In Iraq, desertification causes repeated sandstorms

LETTER FROM BEIRUT

Baghdad woke up on Monday, May 16, to a thick cloud of orange dust, blinding and suffocating, for the ninth time since the beginning of April. Hospital emergency rooms filled up, planes were grounded. In a similar weather episode on May 5, one person died and 5,000 others were hospitalized with respiratory problems. From the desert province of Anbar (in the west) to southern Iraq, sandstorms are not uncommon this season, but their frequency and severity are increasing. However, Iraq, ranked among the five countries in the world most vulnerable to climate change and desertification, according to the United Nations Environment Program (UNEP), is ill-prepared to deal with it.

“In the past, we had two sandstorms a year, now there are about twenty. They also have a much higher density., says Jaafar Jotheri, geoarchaeologist at Qadisiya University, as well as Durham in the United Kingdom. And, in the next two decades, Iraq could face “two hundred and seventy-two days of dust” a year, warned Issa Al-Fayyad, an environment ministry official, in April. Gold, “Unlike other countries in the region such as Iran, Saudi Arabia or Jordan, Iraq does not have adequate infrastructure, appropriate windows in homes or greenhouses to protect crops”continues Mr. Jotheri, who warns of the potentially disastrous social and economic consequences for the country.

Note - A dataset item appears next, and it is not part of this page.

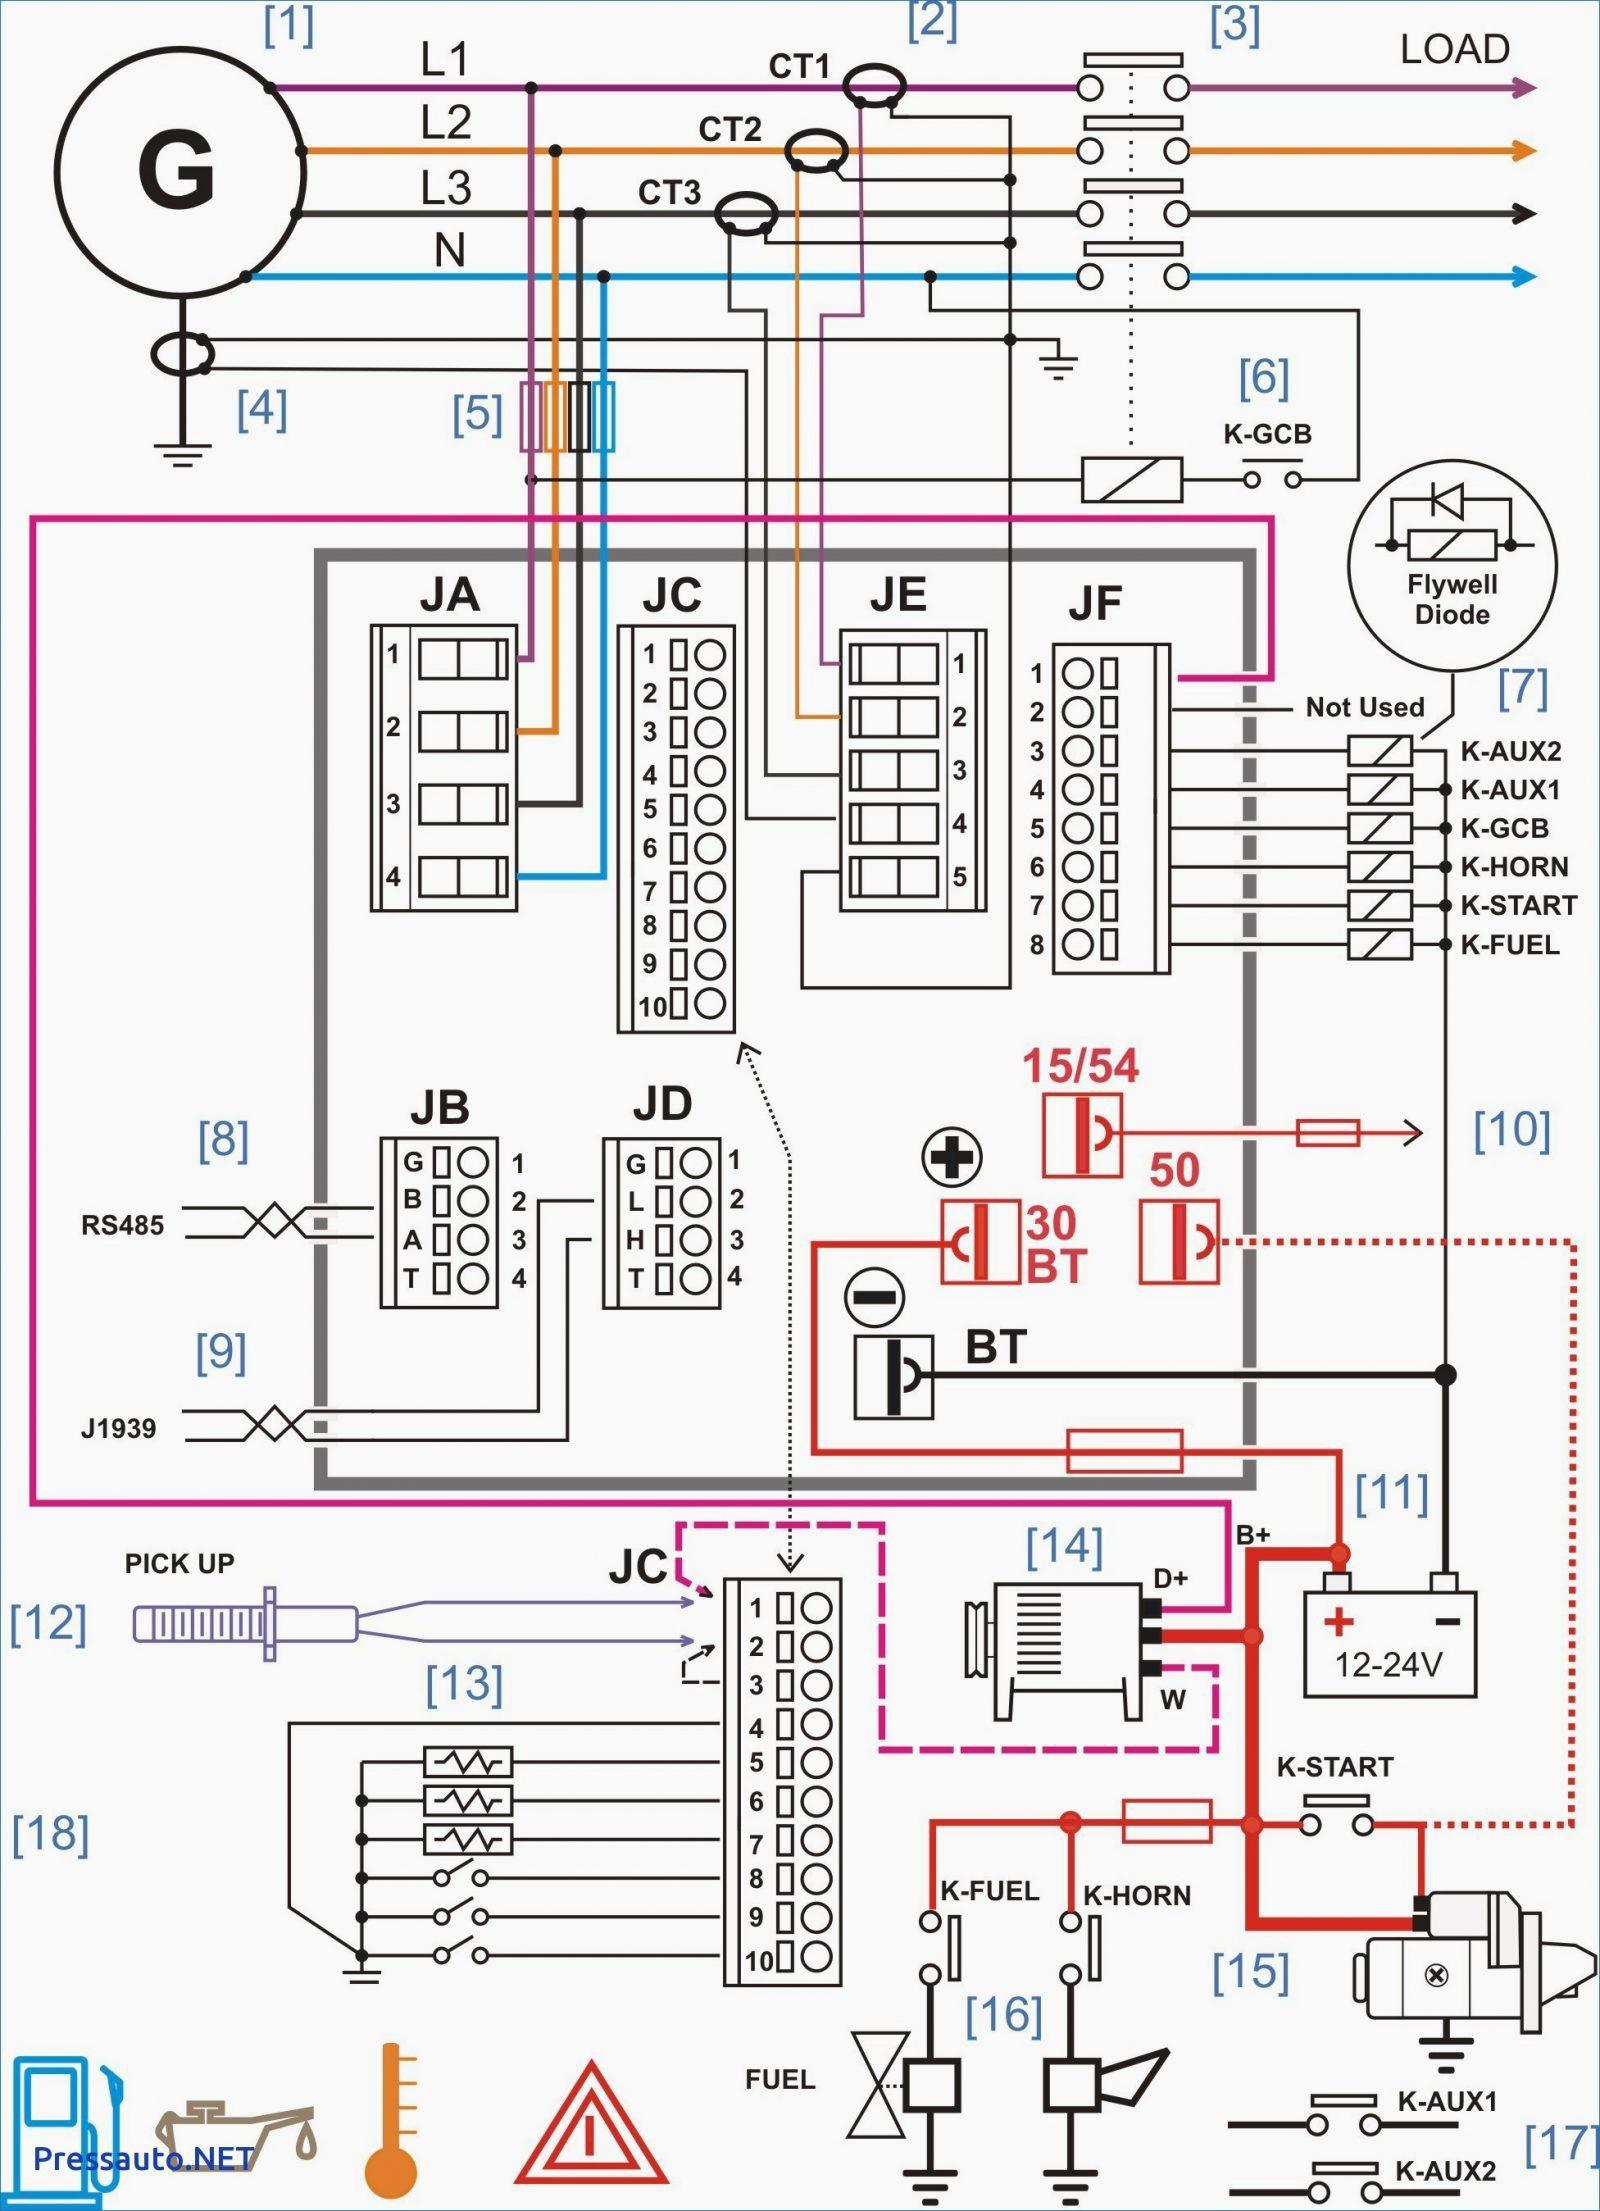 manual transfer switch wiring diagram Collection-Generac Manual Transfer Switch Wiring Diagram Luxury Generac Transfer Switch Wiring Diagram Lovely Diagram Manual 19-s
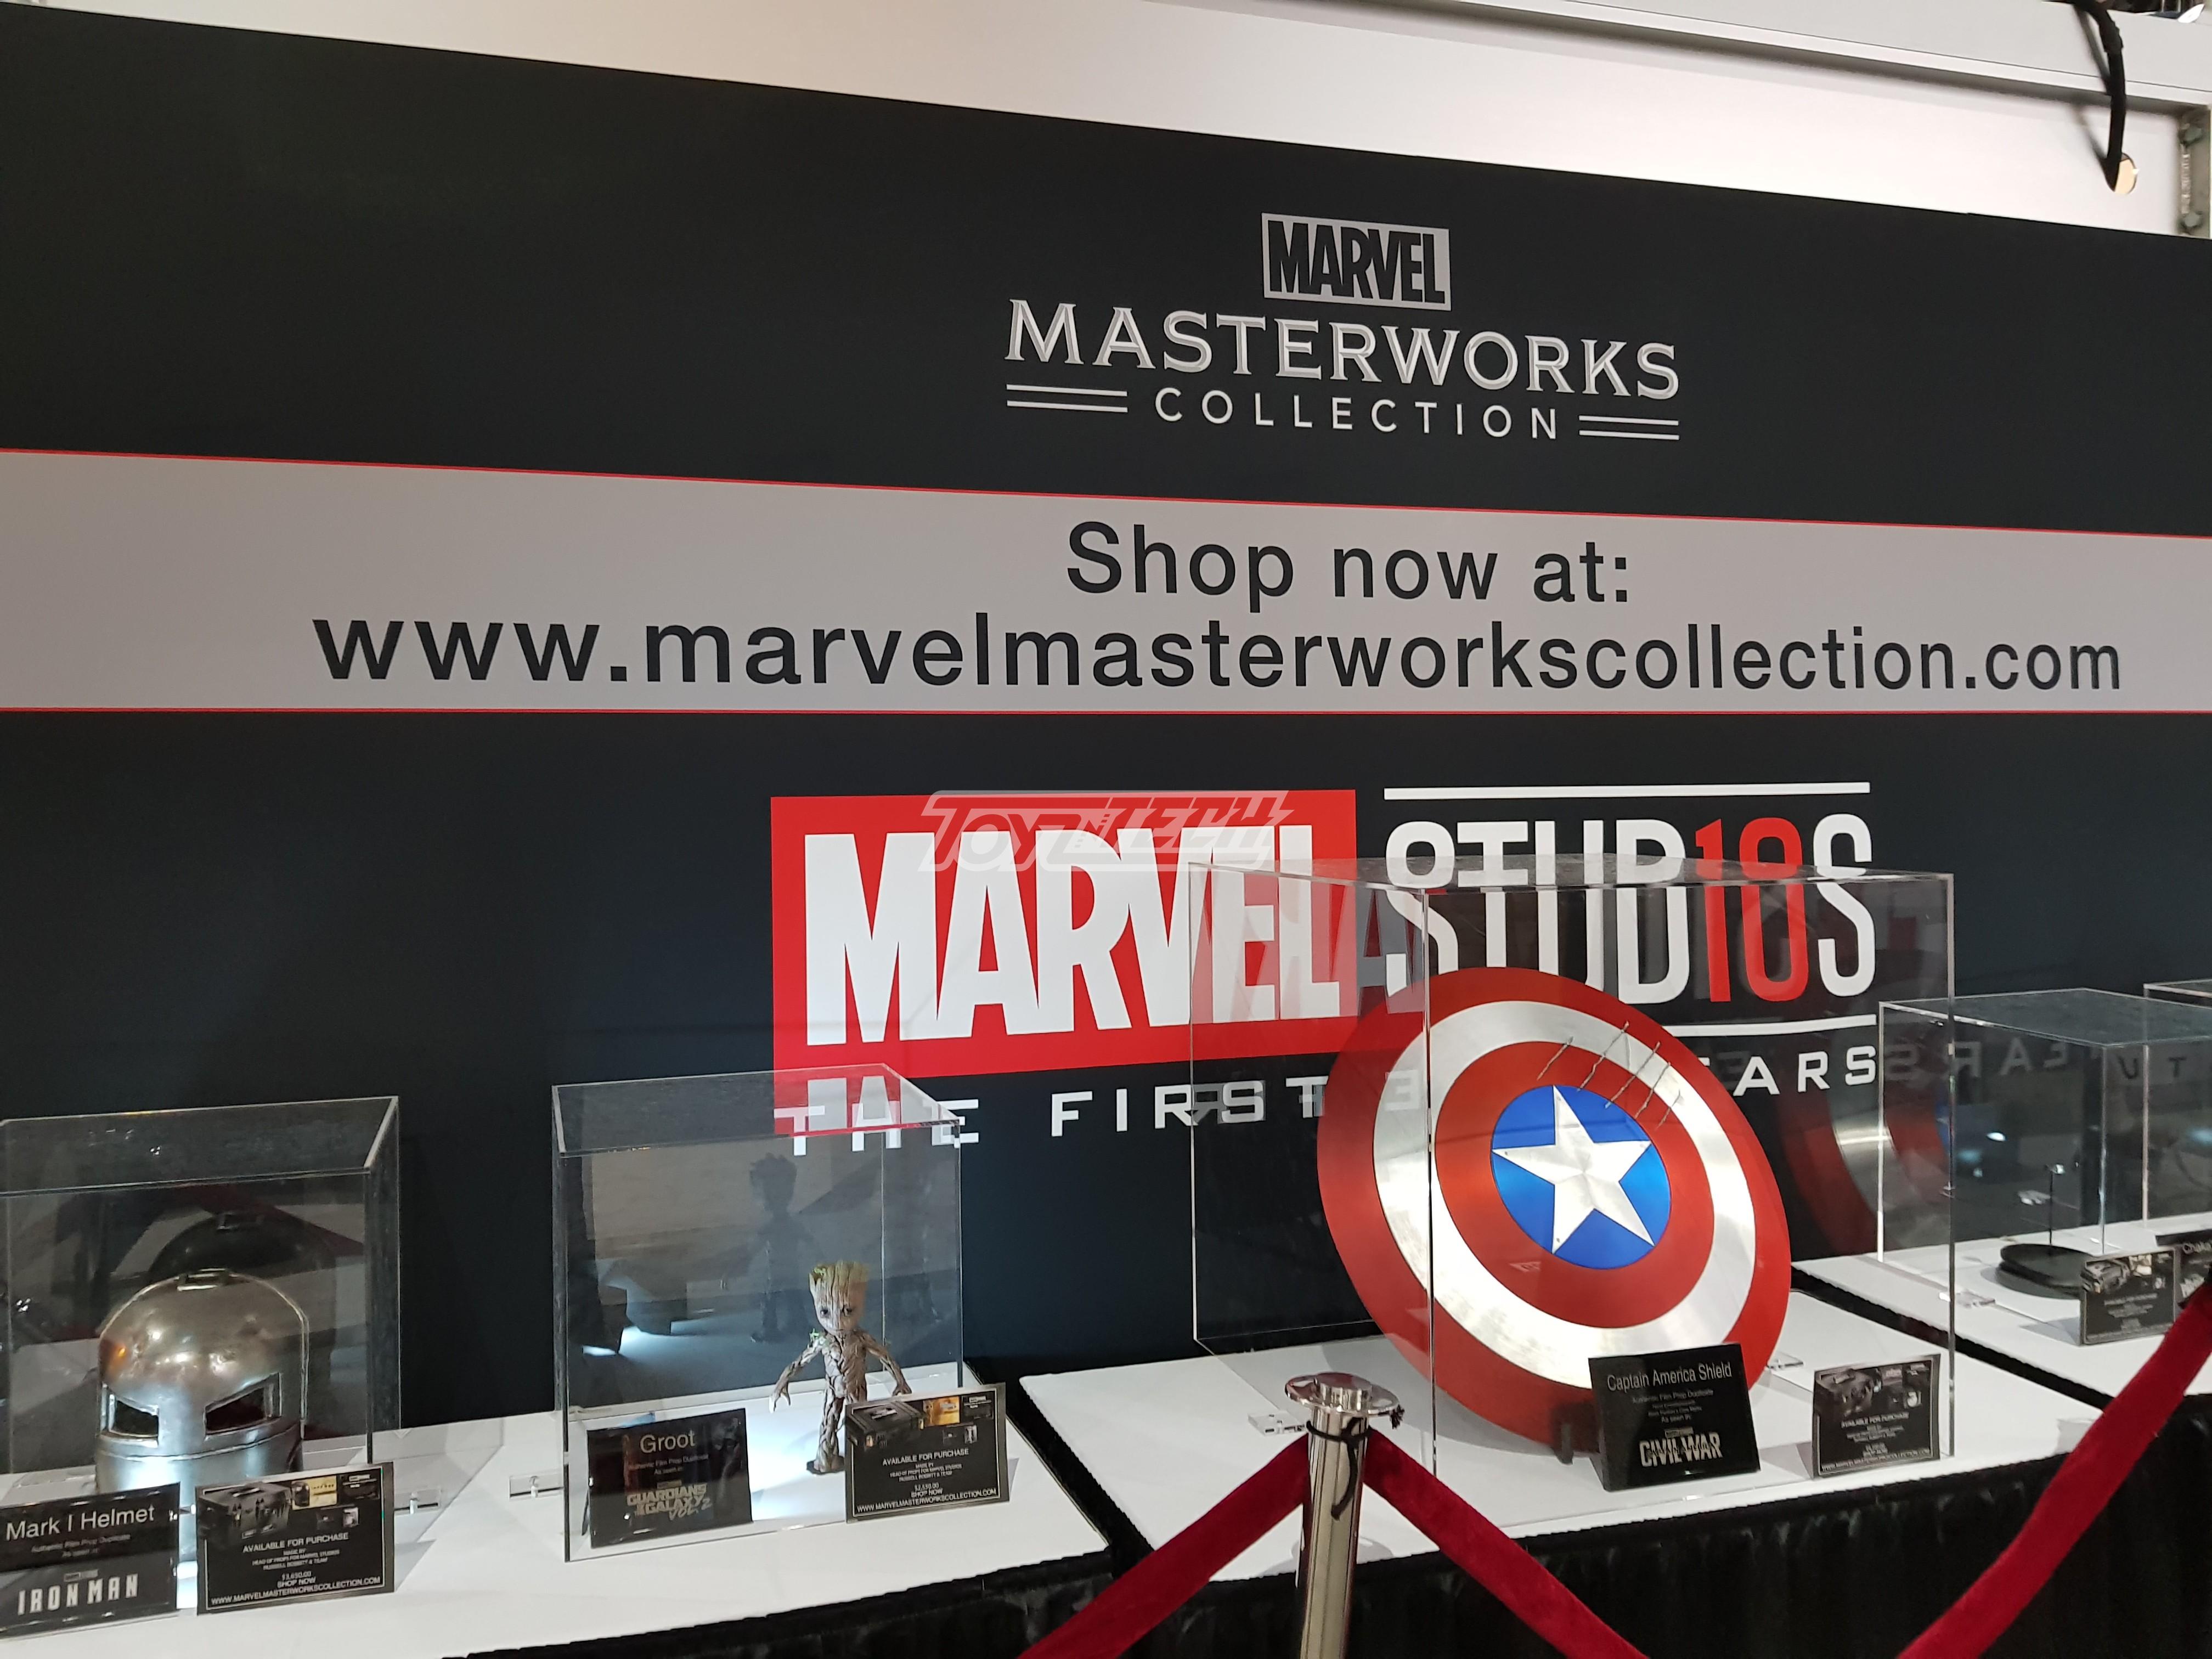 Marvel Masterworks Collection

Uncontrolled urban expansion

In a report on the impact of climate change in Iraq published in 2021, the United Nations estimated that “Rising temperatures and changing precipitation patterns have led to recurrent droughts, desertification and frequent sandstorms”. Heat waves, marked by temperatures exceeding 50°C, are becoming more frequent and the average temperature could still increase two degrees by 2050.

By this time, Iraq could also lose an additional 20% of its water resources, estimates the World Bank. The lack of rainfall – 150 millimeters per year – and the drop in the flow of the Tigris and Euphrates, in particular due to the construction of dams in Turkey and Iran, lead to soil salinization. The Water Stress Index puts Iraq at 3.7 points out of 5 (the highest level of water scarcity) and by 2040 this figure will rise to 4.6 with total drought as a consequence. Desertification already affects 39% of the country’s surface, and the country loses about 100 square kilometers of arable land every year.